From the mobile desk of Andy Drish…
Sunday, August 24, 2014
“I think you should always be seeking negative feedback.”
- Elon Musk
Most people won’t be direct with you and tell you where you are falling short.
They will talk around it.
Or not tell you at all.
And what happens to you?
You walk around… blind to what’s really happening.
You are oblivious.
And no one has the guts to say anything.
If no one is telling you where you’ve dropped the ball, you don’t have the opportunity to get better.
Why don’t people tell you?
Often, because it’s uncomfortable to share with someone what they’re doing wrong.
Most people move away from conflict. They feel like it’s offensive or mean. So they quietly ignore it (or talk about it when you’re not around.)
This is why it’s important to constantly SEEK negative (aka constructive) feedback …
A perfect scenario happened to me last week.
Last Friday I had my weekly ‘Man Call’ with Peter Shallard.
(Peter’s an incredible friend who always gives it to me straight, with no BS, which is one of the many reasons I love our calls.)
He told me we upset someone during our launch and she was angry about how we treated her during the launch.
Now that person was reaching out to him for advice on other sources outside of The Foundation where she could learn about building a software company.
My first thought?
“Screw her. She has no reason to be upset.”
(It’s a bit scary to share this… but it’s true. Getting negative feedback rarely feels good. It stung me a bit in the beginning.)
But then I paused… and thought about it… and I got curious.
“I wonder what happened that made her so upset? And if she felt that way… did others, too?”
So I asked Peter to introduce us. Then I emailed her and asked if I could have 15 minutes to chat with her on the phone.
The 15 minutes I spent with her last week were the most valuable 15 minutes of my whole week.
Because it gave me the feedback to improve as a company. And as a result, we’re going to significantly shift our entire launch process.
Here’s the jist of what happened:
Donna is our perfect customer. She’s brilliant. She has 10+ years of business experience consulting and now she wants to transition to SaaS.
She was ready to sign up and pay for the Foundation when we launched.
But we sold out and she didn’t get to.
When she got accepted to the Foundation, she got an email that says, “You’re In” … which gives details on when people can join.
We used that subject line in the past because we’ve never limited spots before.
So if you got it, you have the chance to join us no matter what.
But now we’ve narrowed our class sizes to 120 people to make the experience more intimate.
So in her mind, she was in… she had a spot waiting for her and there was no need to hurry.
And, after she makes her decision to join, she goes to sign up and sees that it’s sold out and she can’t.
What a terrible experience for her.
Can you imagine being her and how frustrated you’d be?
It’s almost like a sense of betrayal… feeling fully ready to join something big.

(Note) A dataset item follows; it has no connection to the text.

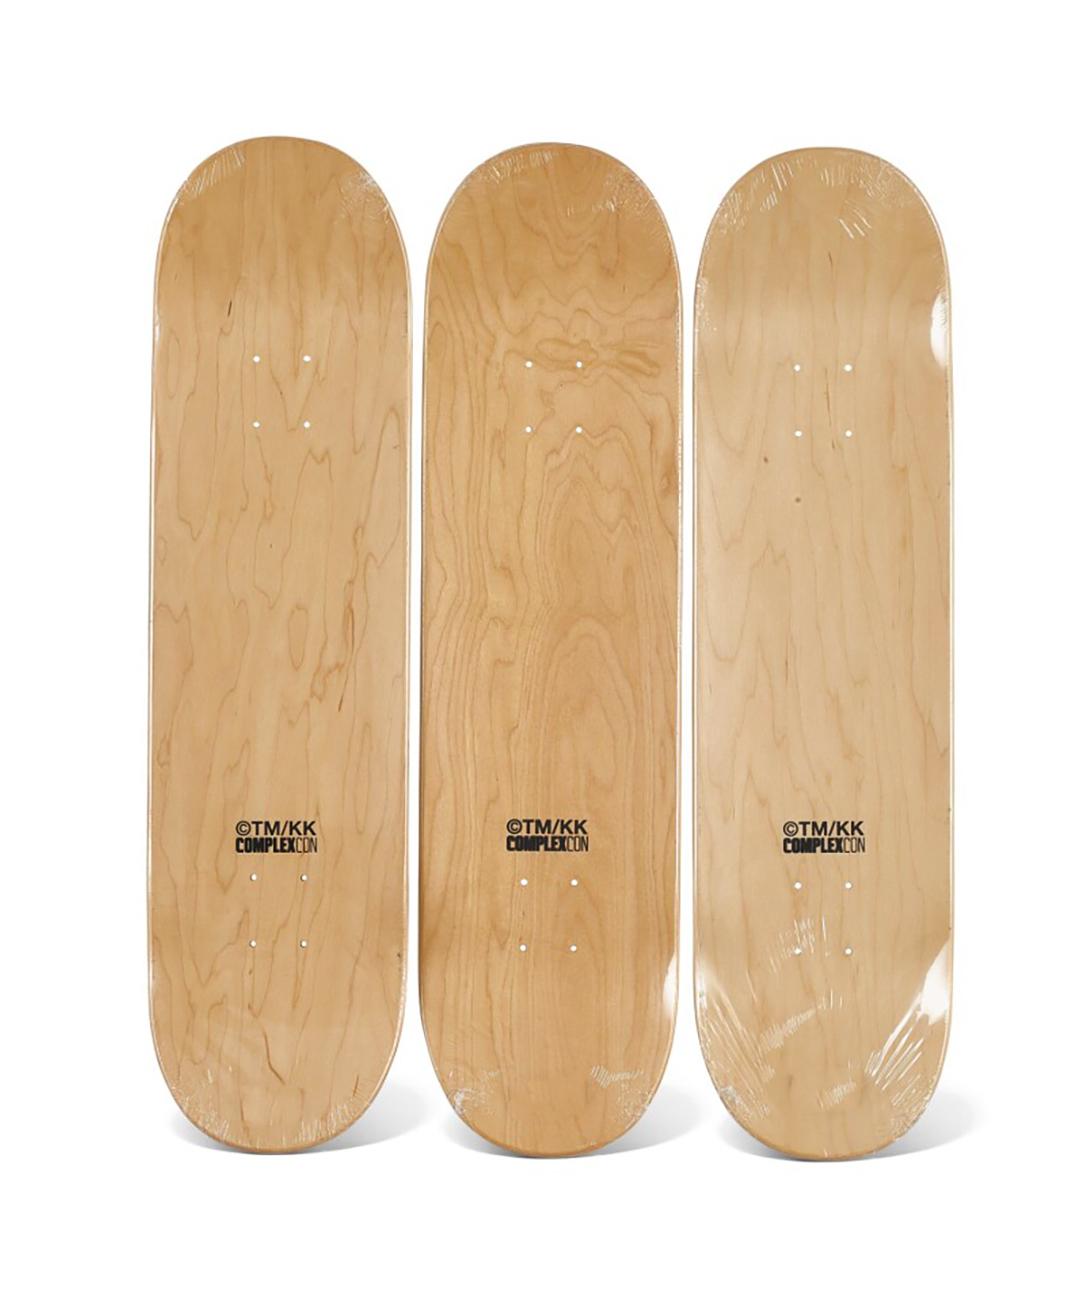 Takashi Murakami Skateboard Decks (set of 3)   For Sale 1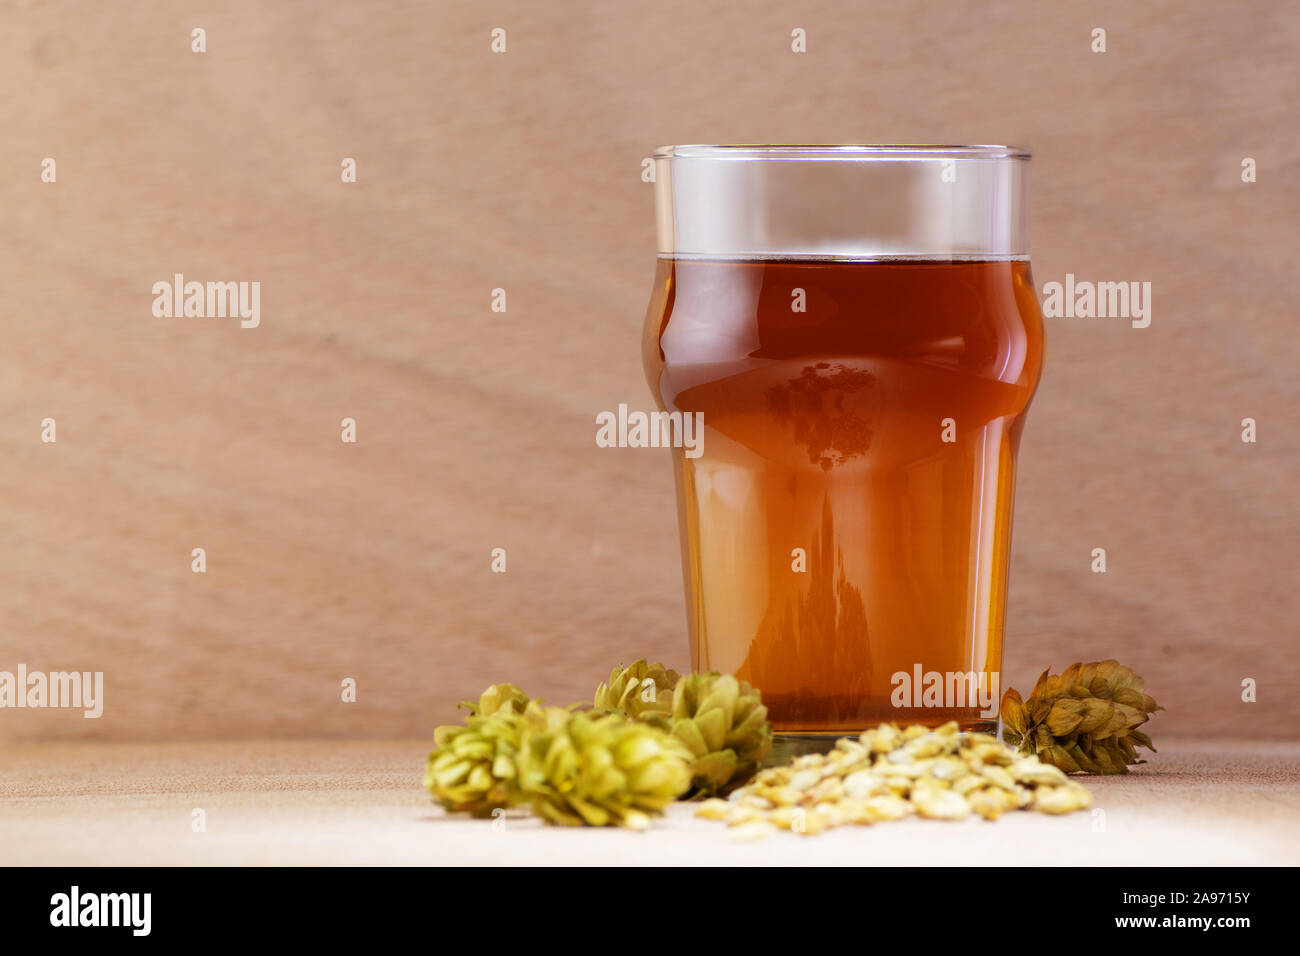 Bier in ein Glas mit Gerste und Hopfen auf Holz- Hintergrund. Handwerk Bier, Brauereien und Alkohol trinken Konzepte. Stockfoto

And then having it taken away from you at the last minute.
I’d be pissed, too.
She explained all of this to me on the call and then, she asked ‘The Money Question’…
“What are you going to do now that you have the feedback?”
I love that question. It’s a question ‘action takers’ ask.
Because of that 15 minutes, we’ve started a project in The Foundation to completely revamp our application and launch process.
We’re rebuilding it all from the ground up, from the moment you sign up to how we accept people to how we invite them into our program.
It’s all changing because of this one 15 minute call. Because she was willing to share the feedback that hurt to hear. And because I was willing to receive it.
(NOTE: If you had a similar experience to Donna, I’m *deeply* sorry. But now I understand what we messed up, the impact it had on people and how we’re going to make it better. Feel free to reach out to me personally <firstname.lastname@example.org> if you were upset, too.)
The biggest lesson here is to constantly be seeking the feedback that hurts to hear.
You can’t wait for it to come to you.
Because it won’t come.
You must actively seek it.
You must create space for people to share that feedback with you.
Because if you don’t, you won’t know what’s not working.
P.S. – And as I reflect further… the real reason this feedback was possible is because of my weekly Man Call with Peter.
We have a call every Friday to give each other direct feedback, to share our problems and to constantly be upping our game.
This call has nothing to do with The Foundation (although Foundation topics often come up). I do this call because I value having people in my life who I can be real, raw and honest with. If you don’t have that, I *highly* suggest finding someone or joining a community where you can’t hide and play small.
My favorite friends are the people who call me out on my BS and constantly hold me to a higher standard in every area of my life. So Peter, thank you.